Question

If $x,y,z$ are non-zero real number and $t=\frac{|x+y|}{|x|+|y|}+\frac{|x+z|}{|x|+|z|}+\frac{|y+z|}{|y|+|z|}$, then range of $t$ must be

• A. $0\le t\le 1$
• B. $0\le t\le 3$
• C. $1\le t\le 2$
• D. $1\le t\le 3$

Answer 1

The correct option is D $1\le t\le 3$

$\left|x\right|+\left|y\right|=|x+y|$ if $x$ and $y$ are of same sign, i.e. both $\ge 0$ or both $\le 0$

Therefore,

$\frac{|x+y|}{(\left|x\right|+\left|y\right|)}=1$ if $x$ and $y$ are of same sign.

From above, it follows that if $x,y$ and $z$ are all of same sign, then the equation is equals to $3$.

The other possibility is that two are of same sign and the third with the opposite sign.

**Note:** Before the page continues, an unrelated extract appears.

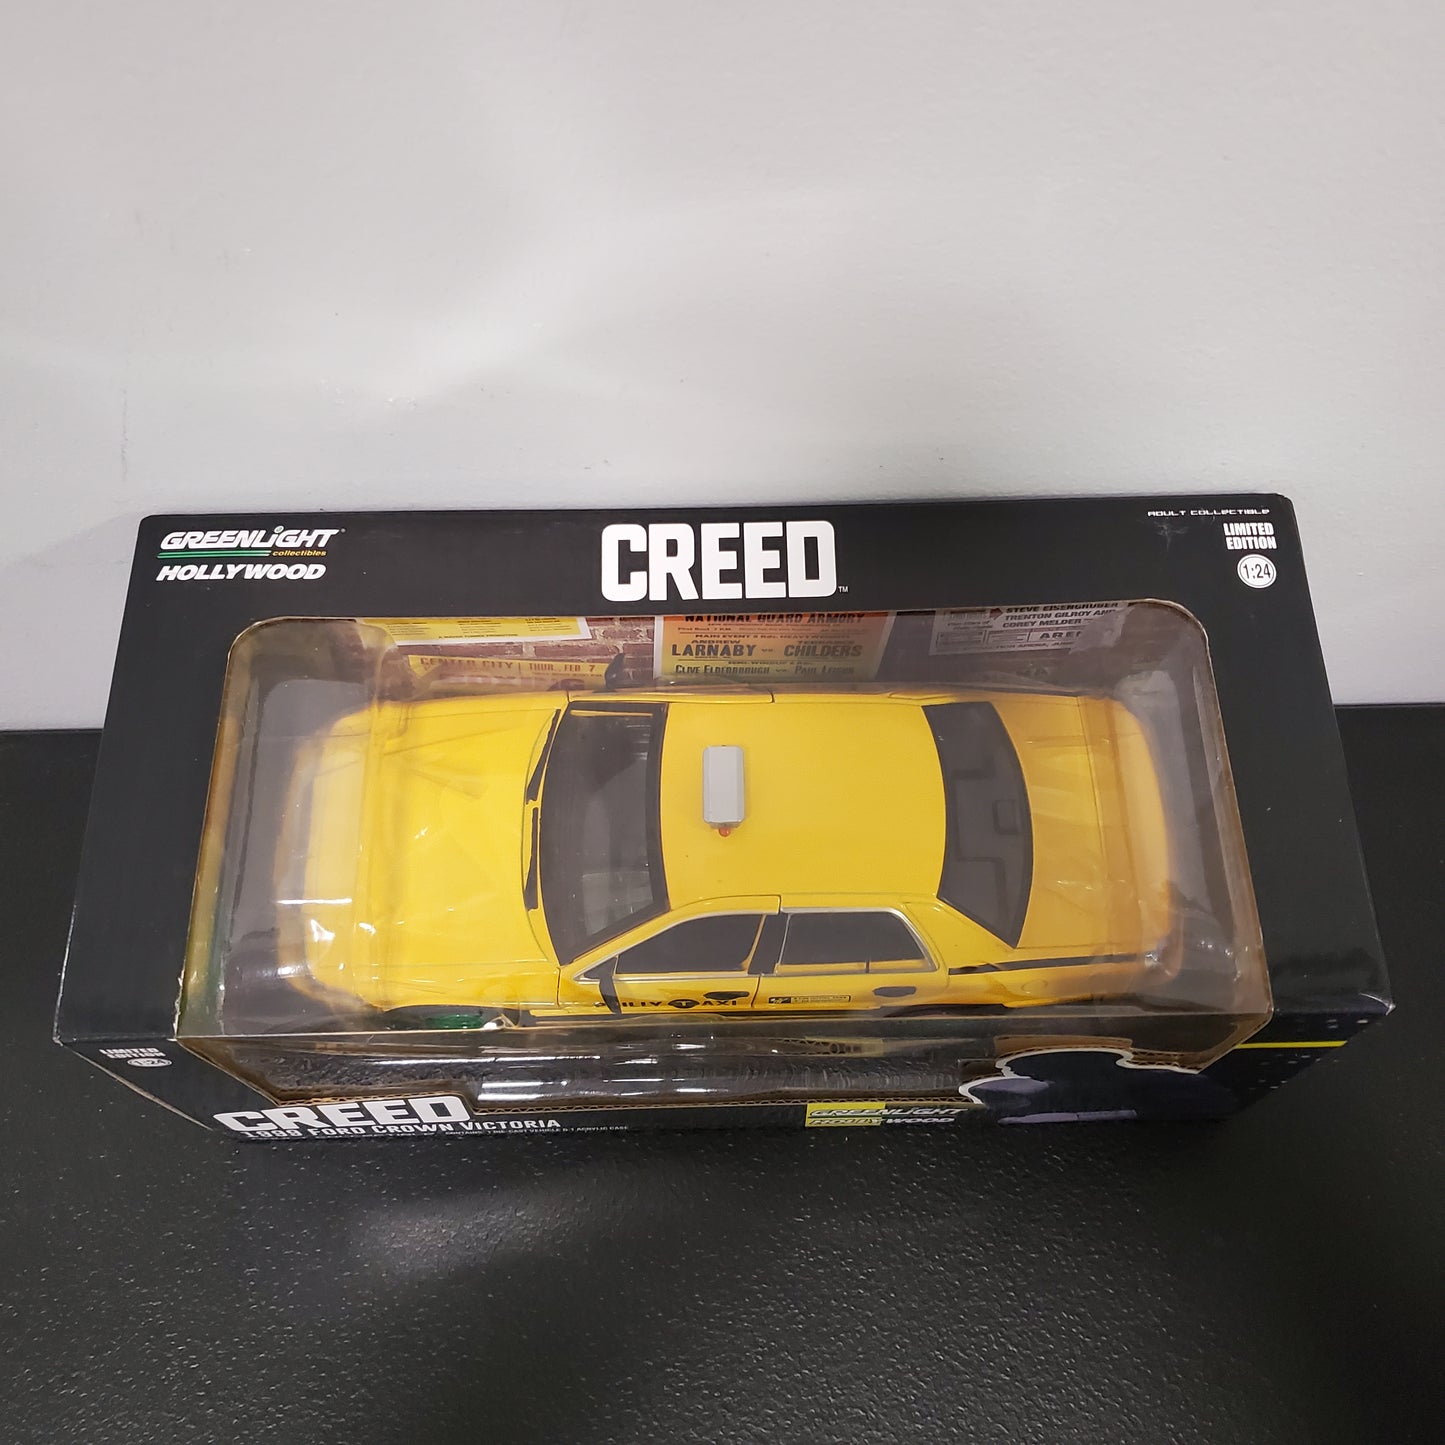 Greenlight Creed 1999 Ford Crown Victoria *CHASE* Greenie 1:24 Edición Limitada Ruedas Verdes
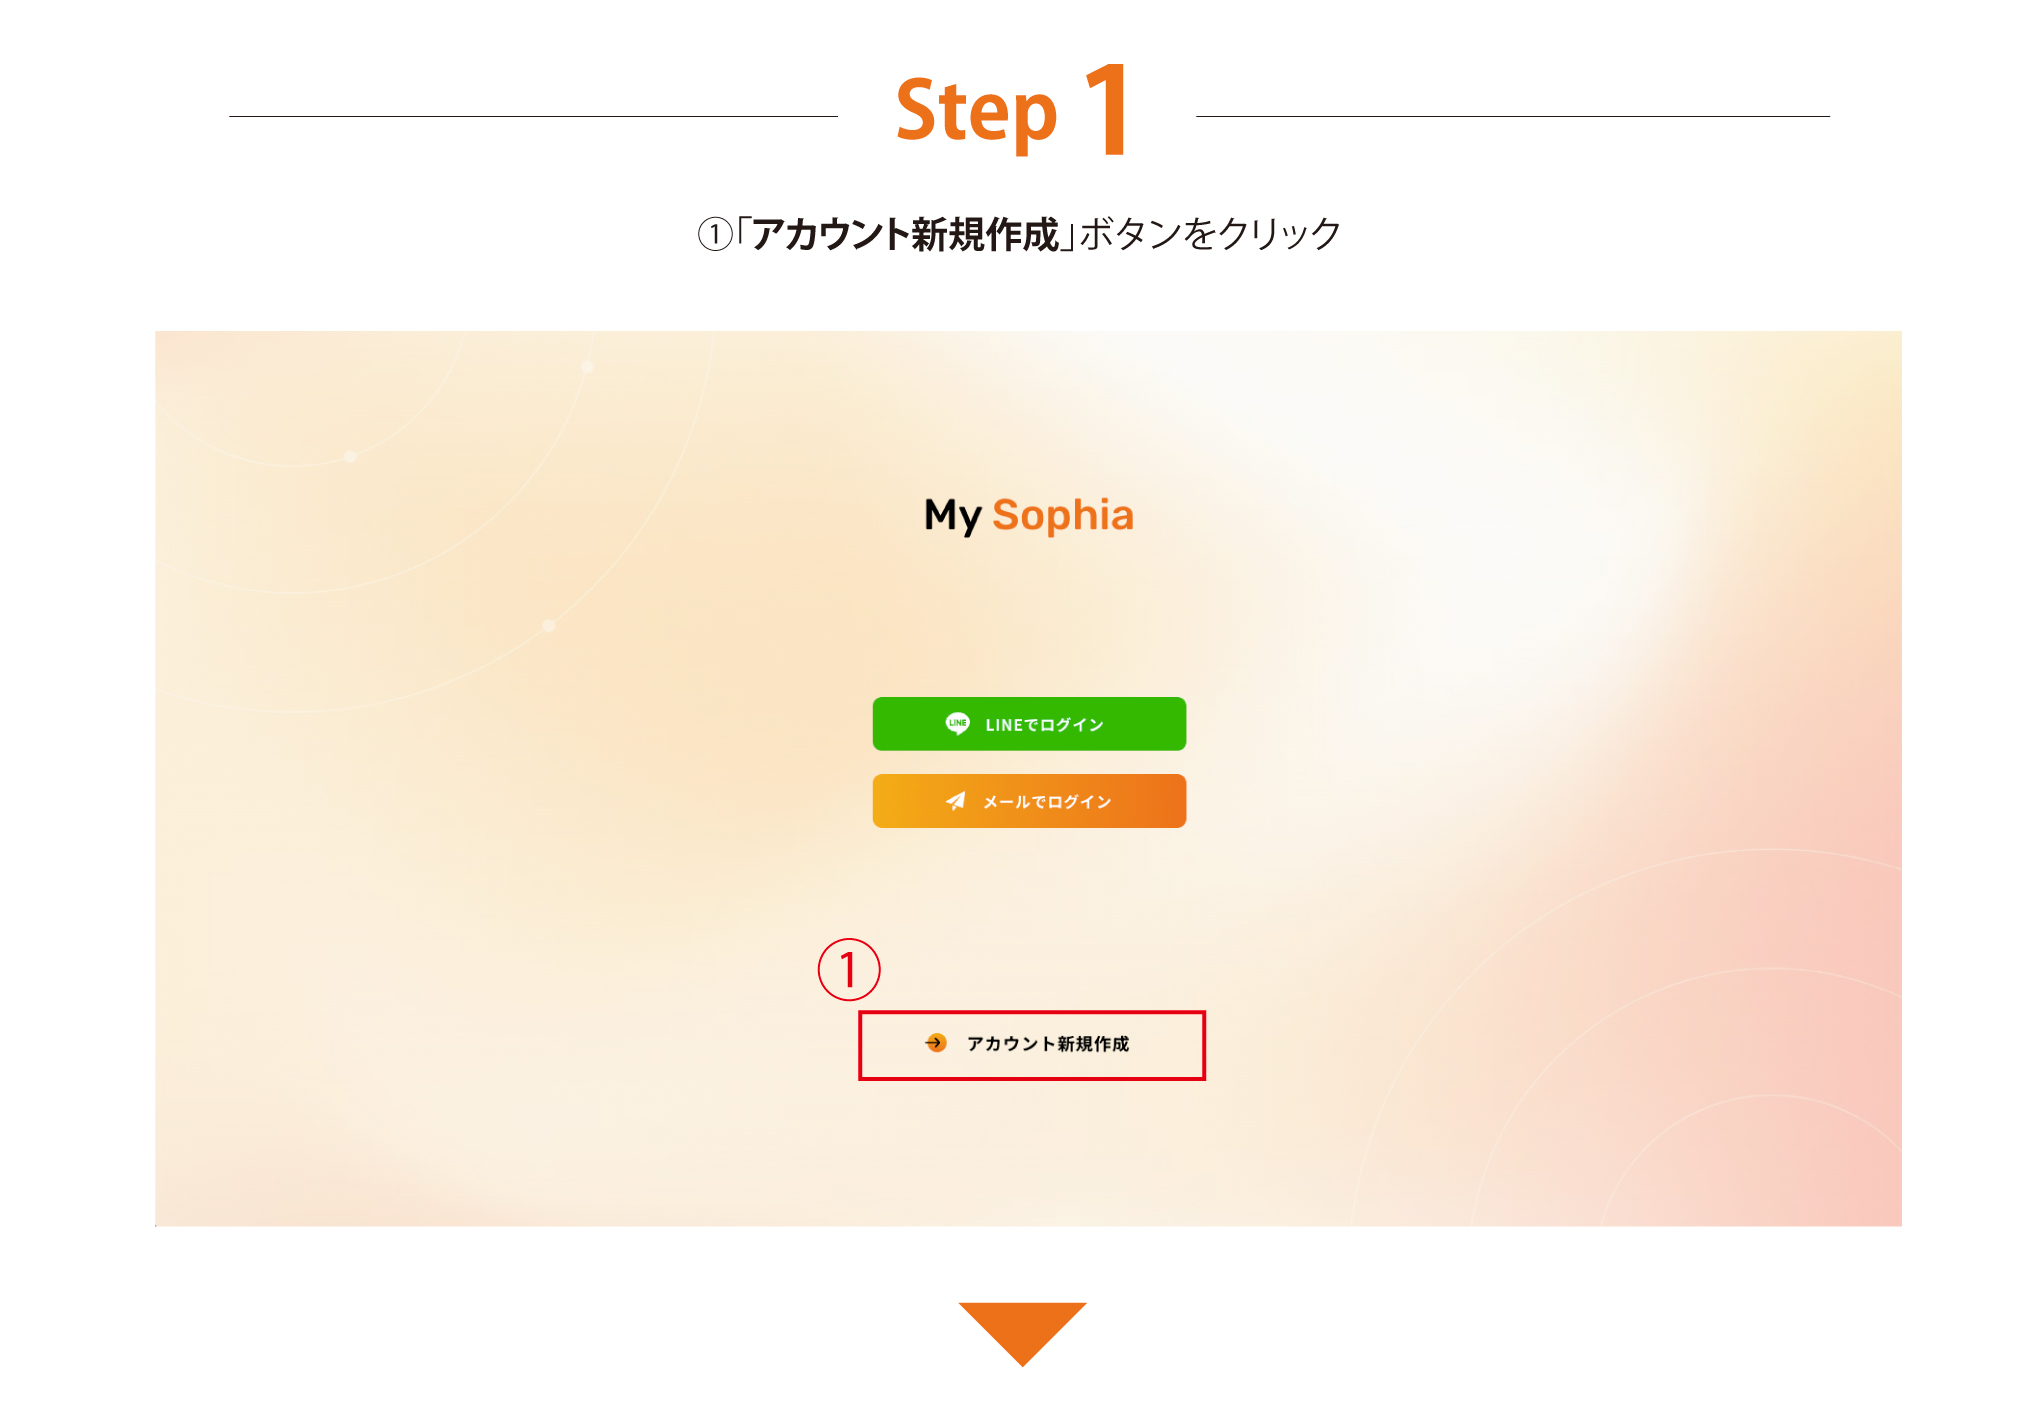 Step 1 「アカウント新規作成ボタン」をクリック

Let $x$ and $y$ are of same sign with losing generality.

In that case,

$\frac{|x+y|}{(\left|x\right|+\left|y\right|)}=1$,

while $0\le \frac{|x+z|}{(\left|x\right|+\left|z\right|)}<1$ and

$0\le \frac{|y+z|}{(\left|y\right|+\left|z\right|)}<1$.

Thus established that:

(a) The upper limit is $3$ i.e. the value when $x,y$ and $z$ are all of same sign.

(b) The lower limit is at least $1$, since the same signed pair yield $1$, while any opposite signs pair yield at least $0$.

To establish $1$ as the lower limit, let $x=y=z$.

Then, the equation resolves to a value of $1$.

Hence, the answer is $1\le t\le 3$.